The Happiness Project by Gretchen Rubin is a wonderful read as she explores how to live a happier and more fulfilling life. Check out this video.

There are heaps of books, seminars and people to share their advice and strategies for living a happier and healthier life. I decided to share simple habits you can implement today that will help you connect more with yourself.

  1. Eat clean and eat consciously. One of the first amazing nutrition books I read was The Raw Food Detox Diet by Natalia Rose. What I love about Natalia is that she explains how ‘weight=waste’ and the less clean we eat, the more grumpy our cells are. Poor food choices suck our energy and prevent us from vibrating at our most radiant frequency.
  2. Boost your good fats. Nuts and seeds, avocados, fish oil + plant based oils do wonders for your mental attitude as well as your body. You’ve likely heard a trainer tell you that good fats help fight bad fat. This is so true! Incorporating good fats in your diet is so important for maintaining a healthy weight.
  3. Do a passion check. The passion test by Janet Bray Attwood and Chris Attwood is a great guidebook to tuning into yourself about what makes you feel alive. I remember a period in my life when I was so busy achieving that I couldn’t remember what I was passionate about. I was truly living the life of a productive robot.

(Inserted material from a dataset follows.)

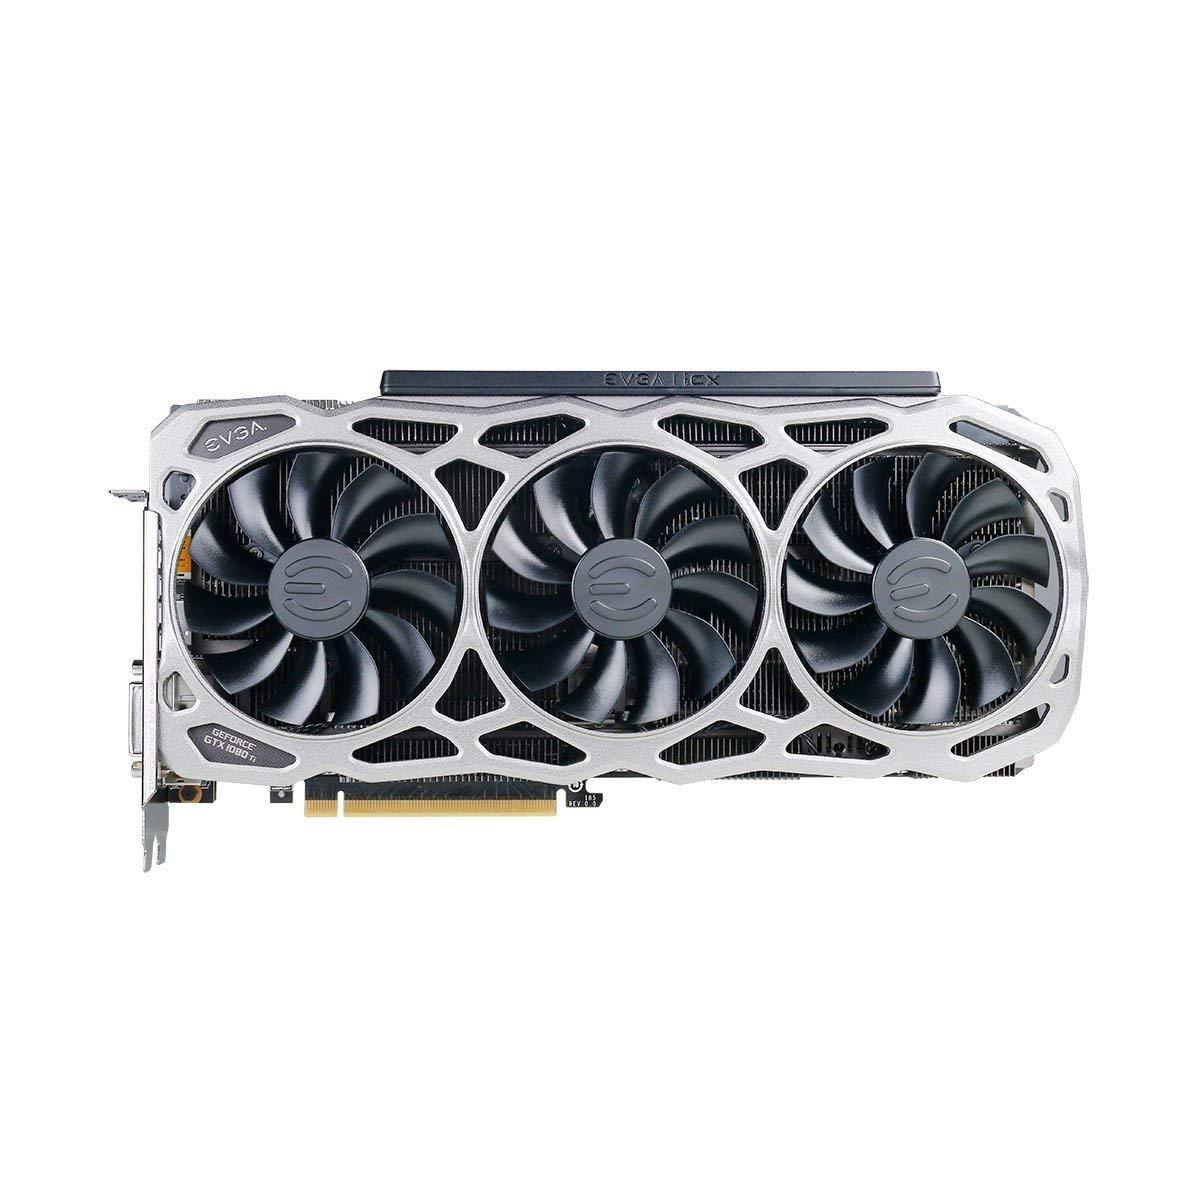 Amazon.com: EVGA GeForce GTX 1080 Ti FOUNDERS EDITION GAMING ...
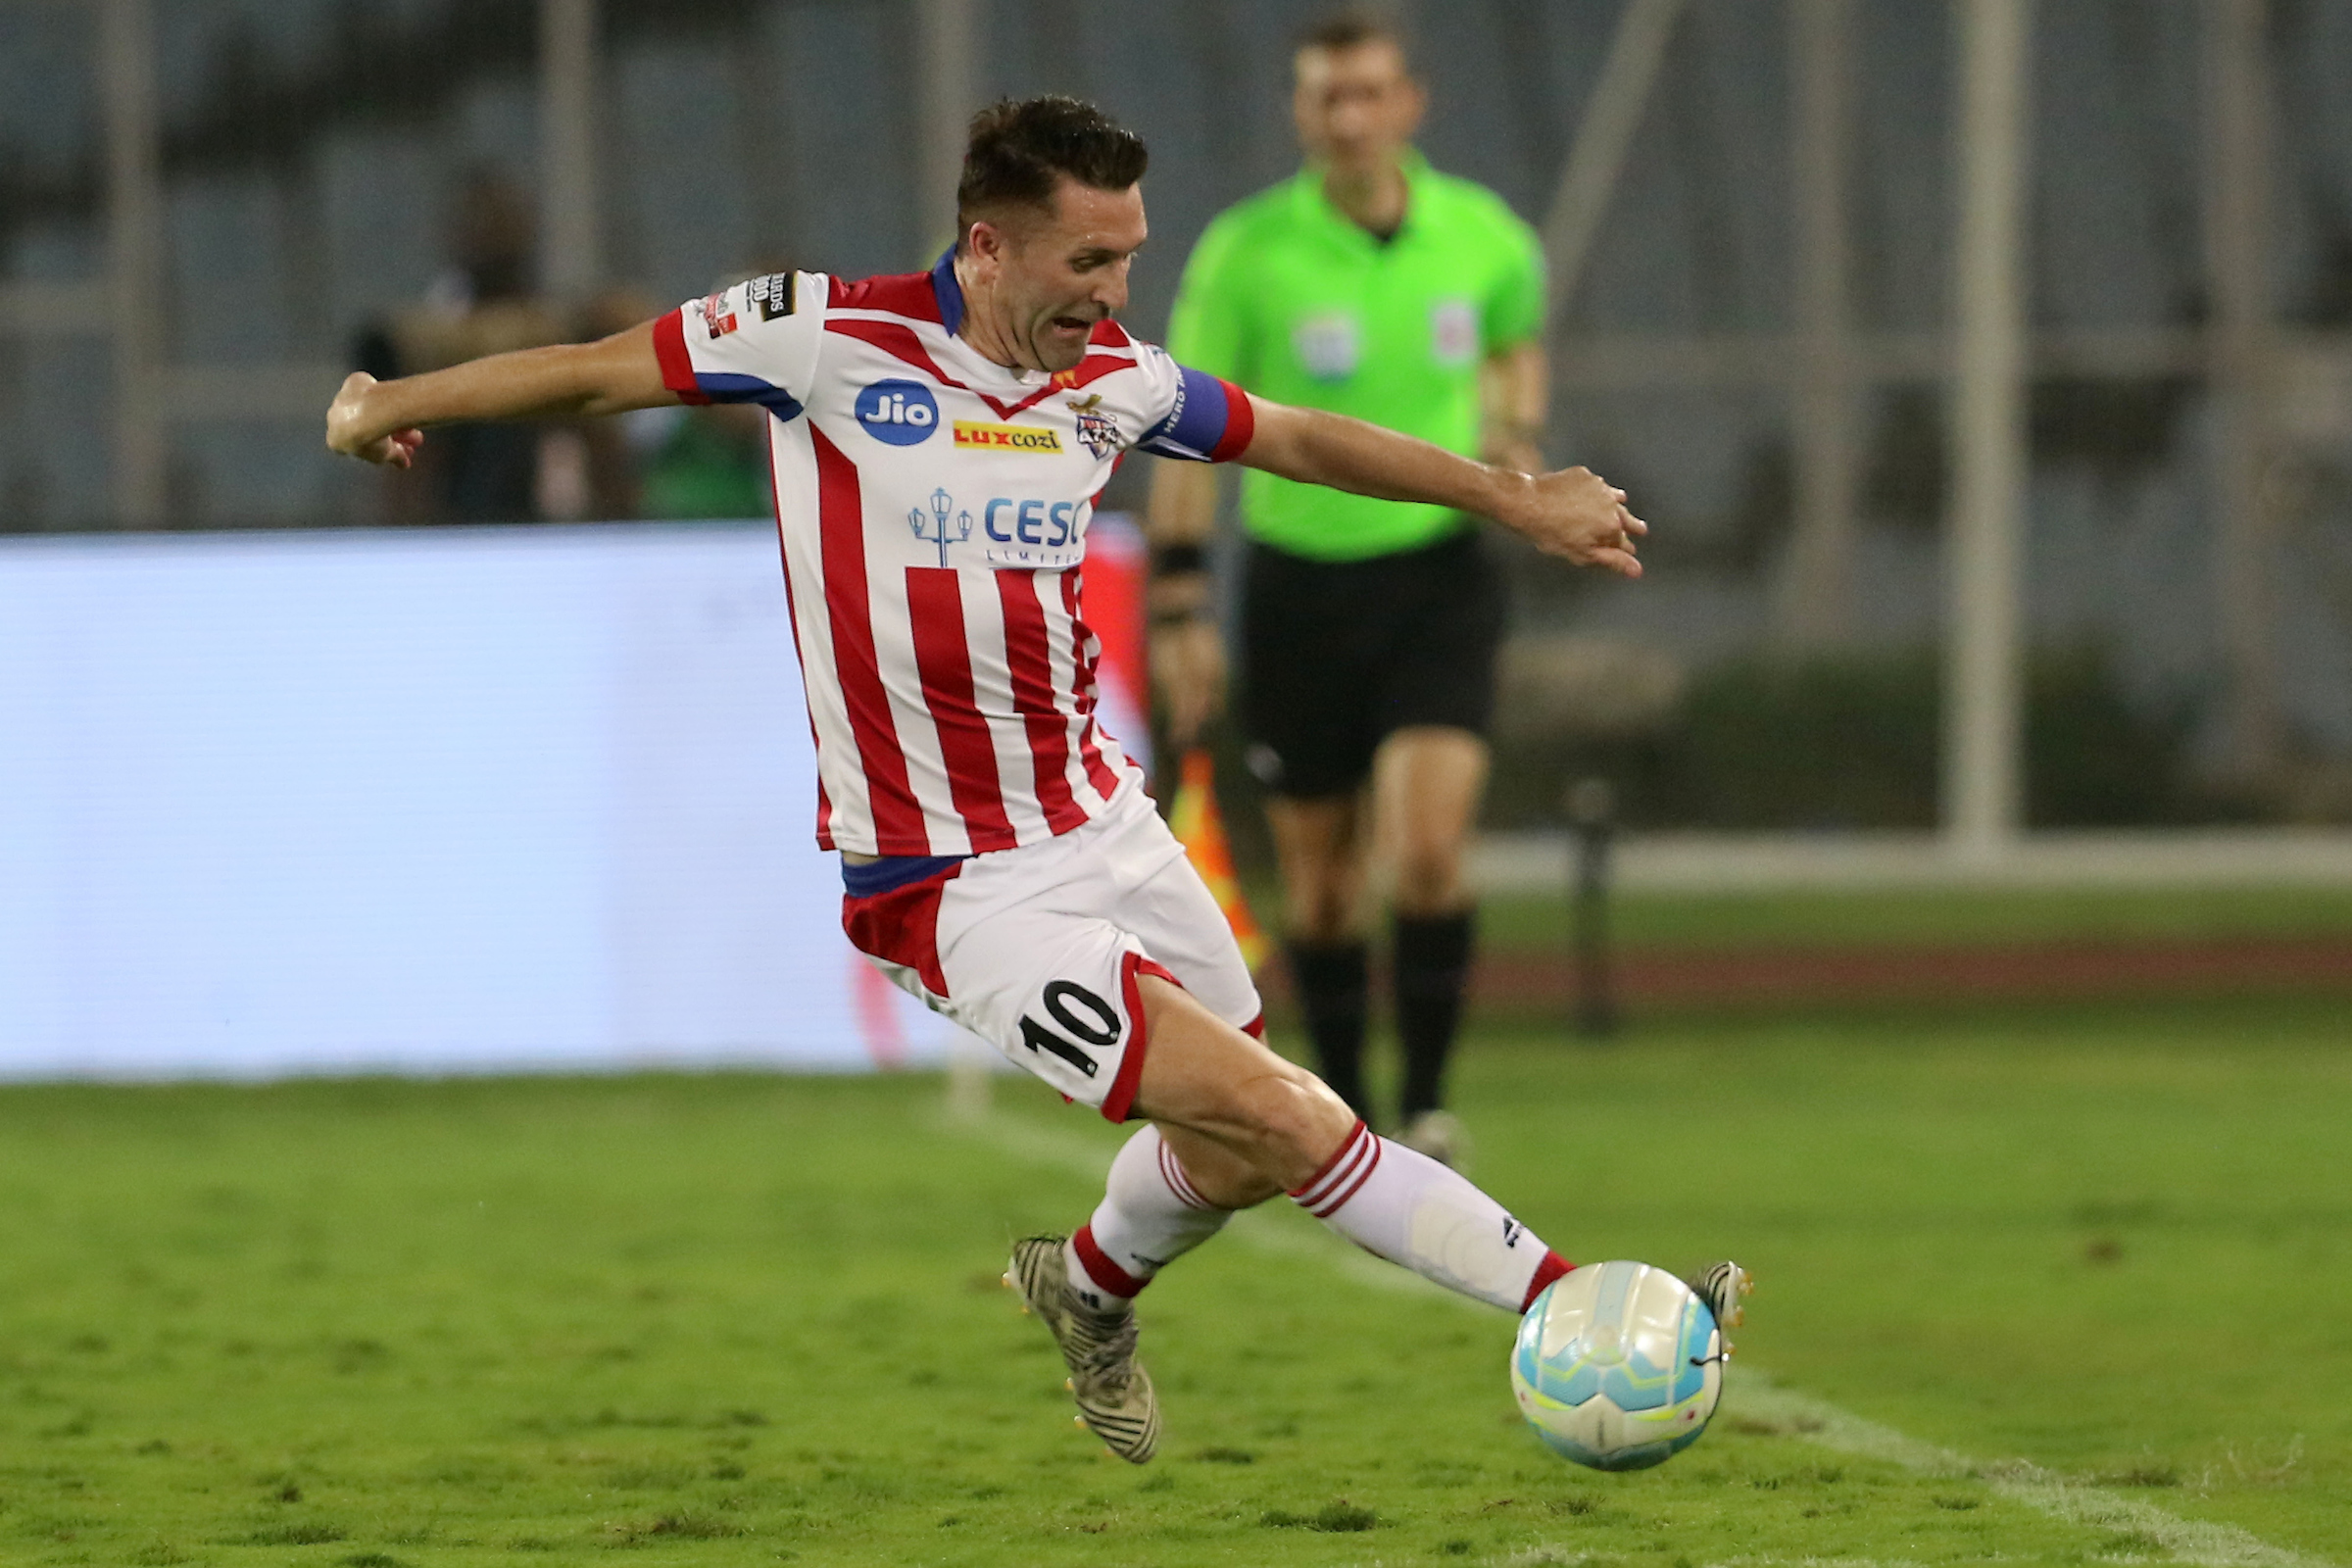 Robbie Keane ATK NorthEast United ISL 2017-18

This book was part of my rehab!
  4. Create space for new relationships. Sometimes we just need an infusion of inspiring new relationships. It’s so wonderful to have beautiful friends and family in our lives but sometimes meeting new people who challenge us to be better is refreshing. Reach out to someone new today. Someone who grabs your attention and triggers that intuitive nudge to reach out.
  5. Love more. Michael Brown has a wonderful book Alchemy of the Heart. Opening our hearts to ourselves and to others in a deeper way always results in goodness. For most, loving oneself is the ultimate challenge. We are so good at being hard on ourselves and always striving to be more and do more. Here’s a great video from Michael on loving ourselves.
  6. Buy less. Go on a shopping diet and experience how easy or challenging it is for you. Buying less does wonders for your being and your bank account. It’s the most delicious personal psychology experiment. It will help you identify if you have a major or minor addiction. Remember that practicing non-attachment is part of yoga practice. I do love my car but I could also live without it. There are things in my life that I do love but I am not emotionally attached to them.
  7. Meditate more. I have attended wonderful meditation retreats but must admit that meditating daily is challenging for me. Gabby Bernstein has a great video for starting a daily meditation practice. Even if you don’t feel you are quite ready or prepared to meditate daily, taking the time each morning and night to sit quietly in your room to breathe is divine. Practice sitting quietly in your room each morning when you get out of bed to do 10 deep belly breaths. Do the same thing before you jump into bed at night and watch the space that is created in your life.